One catch is that vector registers need special alignment. For instance,
if your vector regs are 512bits and your DCache width is 512bits, you
want your vectors to be 512bit aligned when saved to the stack, so you
need to 512-align your stack pointer. Also, as the vector register size
increases, the stack size allocated to applications has to grow because
an app that was tested and known to work with 128bit vector saves/restores
might cause stack overflows if vectors become 512bits!

In light of this, I'd suggest:
- Scalar floats should get their own 32/64bit registers. In some C++
programs (games, audio, etc) they see lots of use and are often passed
to/from functions, so they need to be easy to save/restore. Since they have
the same 4/8byte alignment as 32/64bit ints, this is very easy to do if
you mandate an 8byte aligned SP in the calling convention.

- In fact, I'd even suggest a second, different stack for vector register
saves/restore. This way, the CPU can keep the VSP (vector stack pointer)
in perfect alignment all the time without having to do dynamic realignment
on the regular SP, and it can have special instructions that adjust the VSP
the right way for each vector, and the OS can grow the vector stack to make
sure that a program that expects 128-bit vector alignment will never generate
stack overflows when alignment grows to 256-bit+ etc...

I see the whole sequence for saving multiple vectors going something like this:

SUB sp, 12
; special instruction that gets the number of empty bytes to adjust vsp so that
; the next vector save is aligned and can be done in a single DCache cycle
GETVECTORSTOREPREPAD r0, vsp, v0.size
ST r0, [sp + 0]
ADD vsp, r0
ST v0, [vsp]
GETVECTORSTOREPREPAD r1, vsp, v1.size
ST r1, [sp + 4]
ADD vsp, r1
ST v1, [vsp]
GETVECTORSTOREPREPAD r2, vsp, v2.size
ST r2, [sp + 8]
ADD vsp, r2
ST v2, [vsp]

The whole sequence can probably be streamlined somwhat but I
hope you get what I mean here.

The disadvantage is, of course, that the compiler needs to distinguish between saving the data of a vector and saving everything for a later complete restore. Once we have this distinction, however, there is little extra cost to also saving a few carry flags.

There's an extra cost, it's just in a different non-obvious place:
it forces the compiler to figure out if the carry bits are relevant
for each operation in a chain, and if the compiler can't figure it
out it will output less efficient. Whereas if carry flags are in their
own register, and only written/read by some operations (on ARM,
when SUB generates flags it is called SUBS and is a different
instruction), then the compiler only ever has to worry about carry
flags for instructions that expressly read/write them (ADDS / ADC /
ADCS / SUBS / SBC / SBCS / CMPS etc), and then it just
becomes one extra register pool in the compiler's register allocator.

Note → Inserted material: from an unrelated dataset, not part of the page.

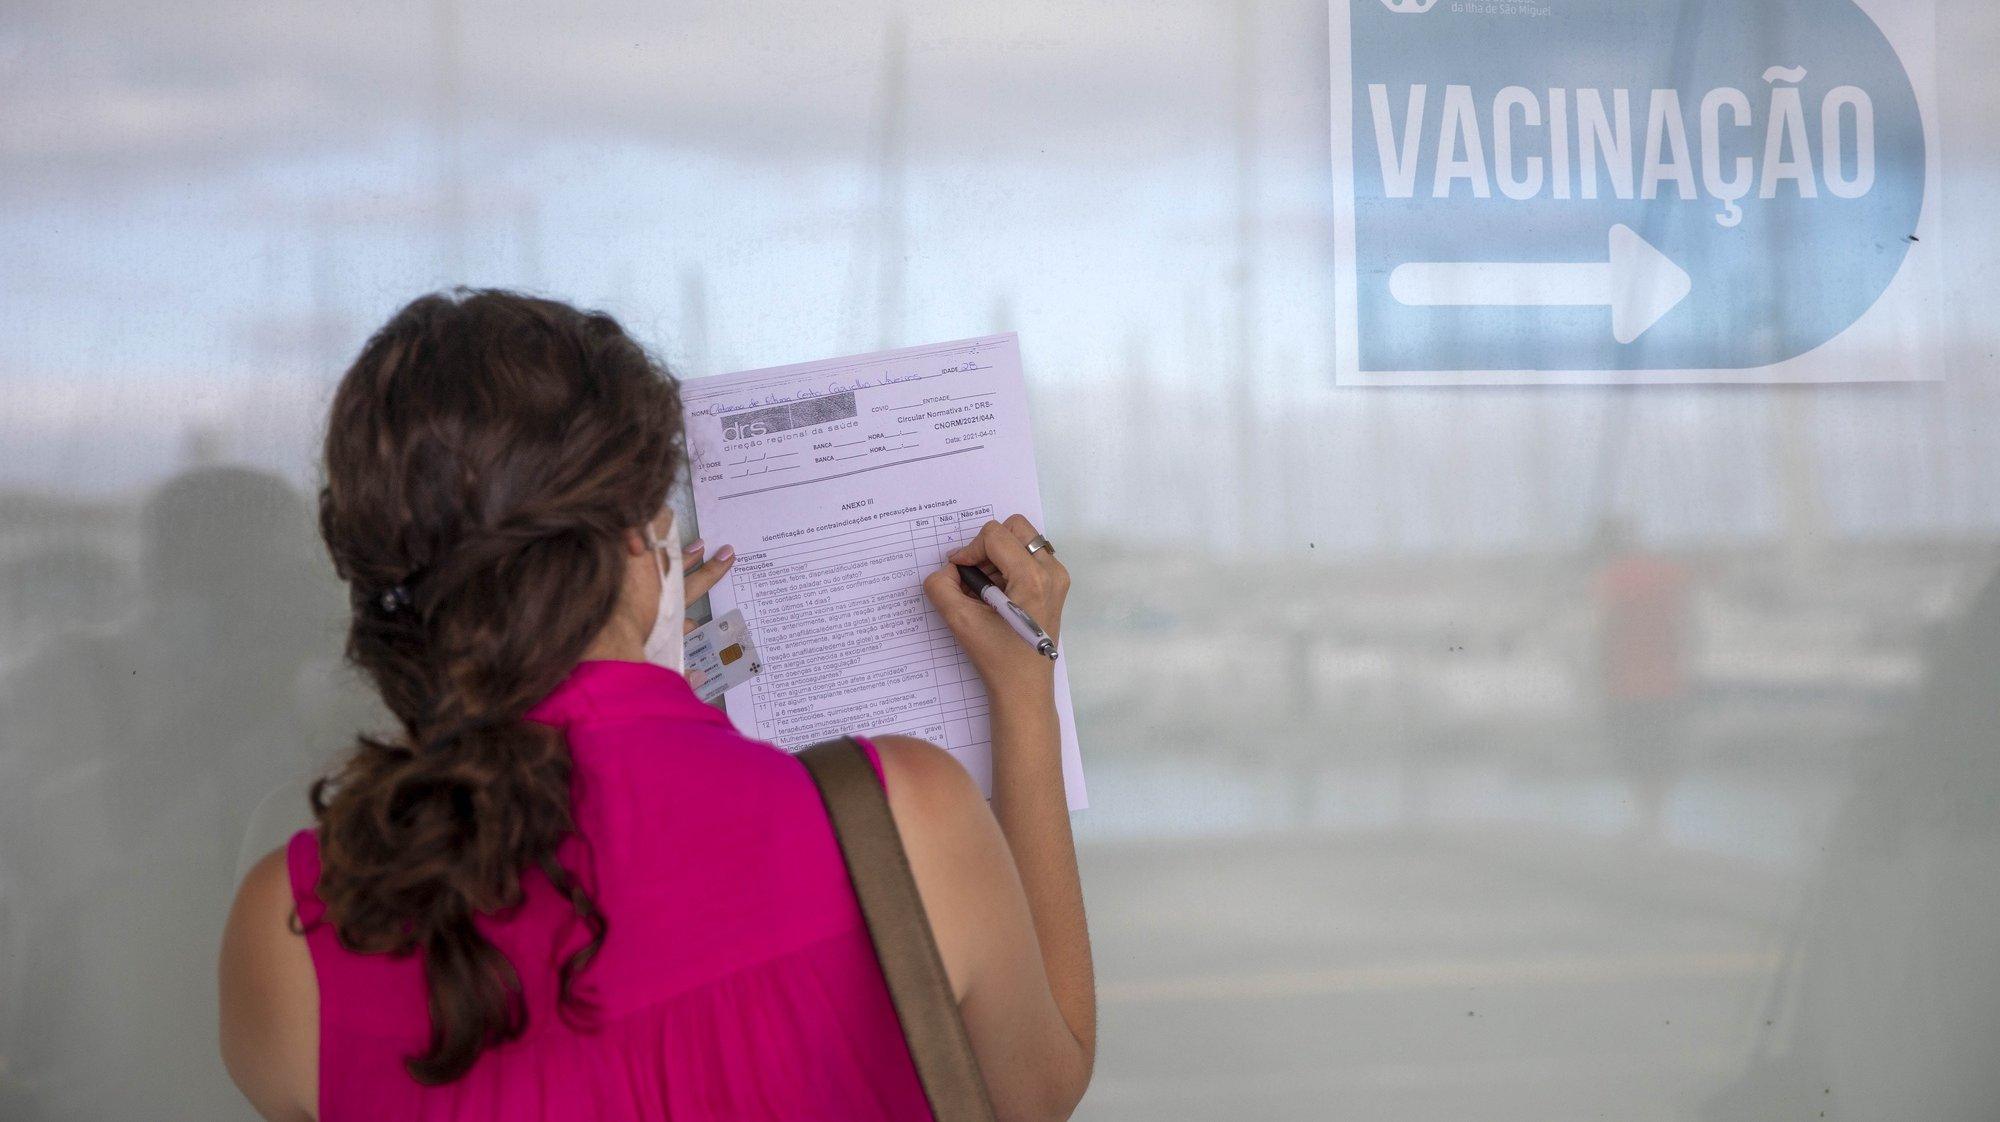 """O Centro de Vacinação de Ponta Delgada instalado no Pavilhão das Portas do Mar entrou hoje em modo """"Casa Aberta"""" para vacinar contra a covid-19 todos os residentes de São Miguel com idade igual ou superior a 18 anos, mesmo sem marcação, Ponta Delgada, Ilha de São Miguel, 4 de agosto de 2021. EDUARDO COSTA/LUSA"""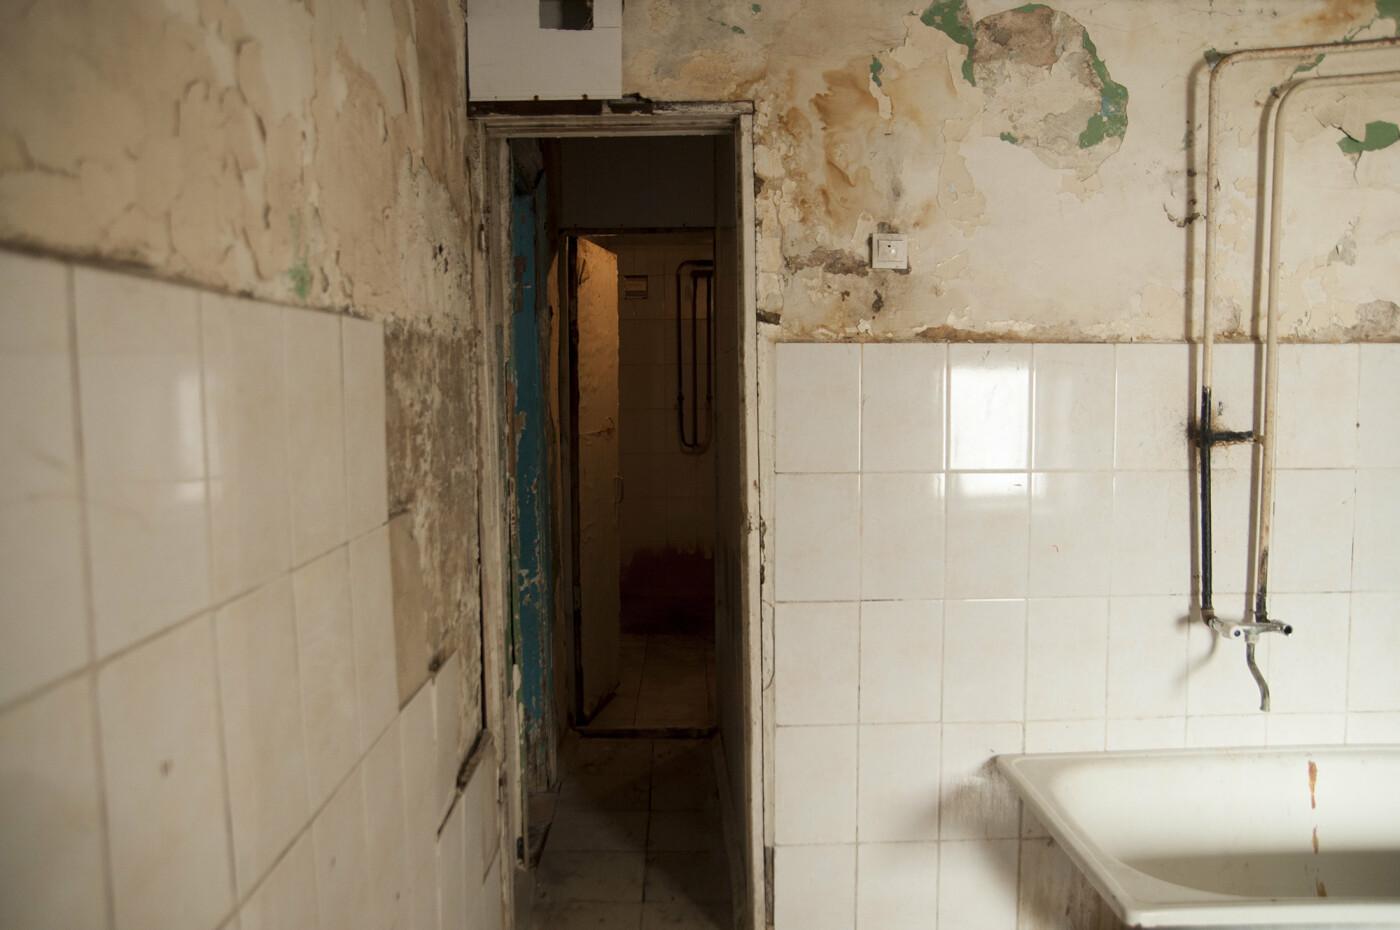 «Все, кто мог, отсюда съехали». Жильцы пятиэтажки в центре Белгорода пожаловались на ужасные условия проживания, фото-8

The use of separate flag registers that only get written to by a limited
subset of operations is also good for CPUs, because then it needs
a much, much less aggressive unit for handling flag register writes/reads
since it only needs to handle 1 write/read per cycle, instead of like
3/4+ like on x86.

The idea of having separate registers for system code only, sounds good. Would eight 64-bit registers be a suitable number?

8 registers for general purpose OS usage sounds good. It can probably
be all combined in an instruction for reading/writing CPU control registers,
like the CR0..CR15, DR0..DR15, MXCSR, MSW, GDTR, IDTR, LDTR, TR,
CS, SS, DS, ES, FS, GS, and floating point control registers on x64.

Some system operations could also be implemented as reads/writes to system
registers: CPUID could be replaced by a bunch of read-only system registers
that give the CPU model for instance.

Having lots of potential system registers available would probably help with
limiting the need to add new system opcodes as new features are added.

Joe Duarte wrote:

Hubert and Agnes, I have a related but slightly tangential question, since we're talking about TLBs.

In our applications, within a virtual memory space, why do we still use conventional -- and enormous -- memory addresses?

We use 64-bit (or 48 actual I think on x64). Since it's a program's exclusive virtual memory space, a universe of our own, why can't we use arbitrary and much, much smaller addresses? Like 1, 2, 3, etc., basically a byte or two. If the TLB is going to have to translate anyway, is it a problem to translate small addresses into conventional physical ones? Processes could have unique IDs - one byte would be ample most of the time - so the TLB would have a unique identifier for all addresses (process ID + the process' internal small memory addresses), and it would often take only two or three bytes total.

You could do a variety of things with pages and their sizes in that scenario. What am I missing here? I usually stick to managed languages.

ARM and x86 handle this by having a 32-bit mode. :3

You could definitively argue for going for a 32-bit
architecture with a standard 64-bit extension like what
Risc-V does. This makes total sense for an architecture
that's going to be used in embedded devices.

Even MIPS falls in this case: ultimately, it was used in way
more PS2's, set-top boxes and so forth than in servers.
Because of this, its 32bit support was a good thing
(and you can even argue that the infamous branch-delay-slot
was actually GOOD for MIPS).

----

Anyhow, the issue here I guess is that if your app has pointers
smaller than 4-bytes, well:

- 3-bytes can't be aligned to cache lines. If you have an array
of pointers, eventually one of the pointers has to straddle
2 cache lines and that's a much larger penalty than some
wasted DCache due to using 4-byte pointers.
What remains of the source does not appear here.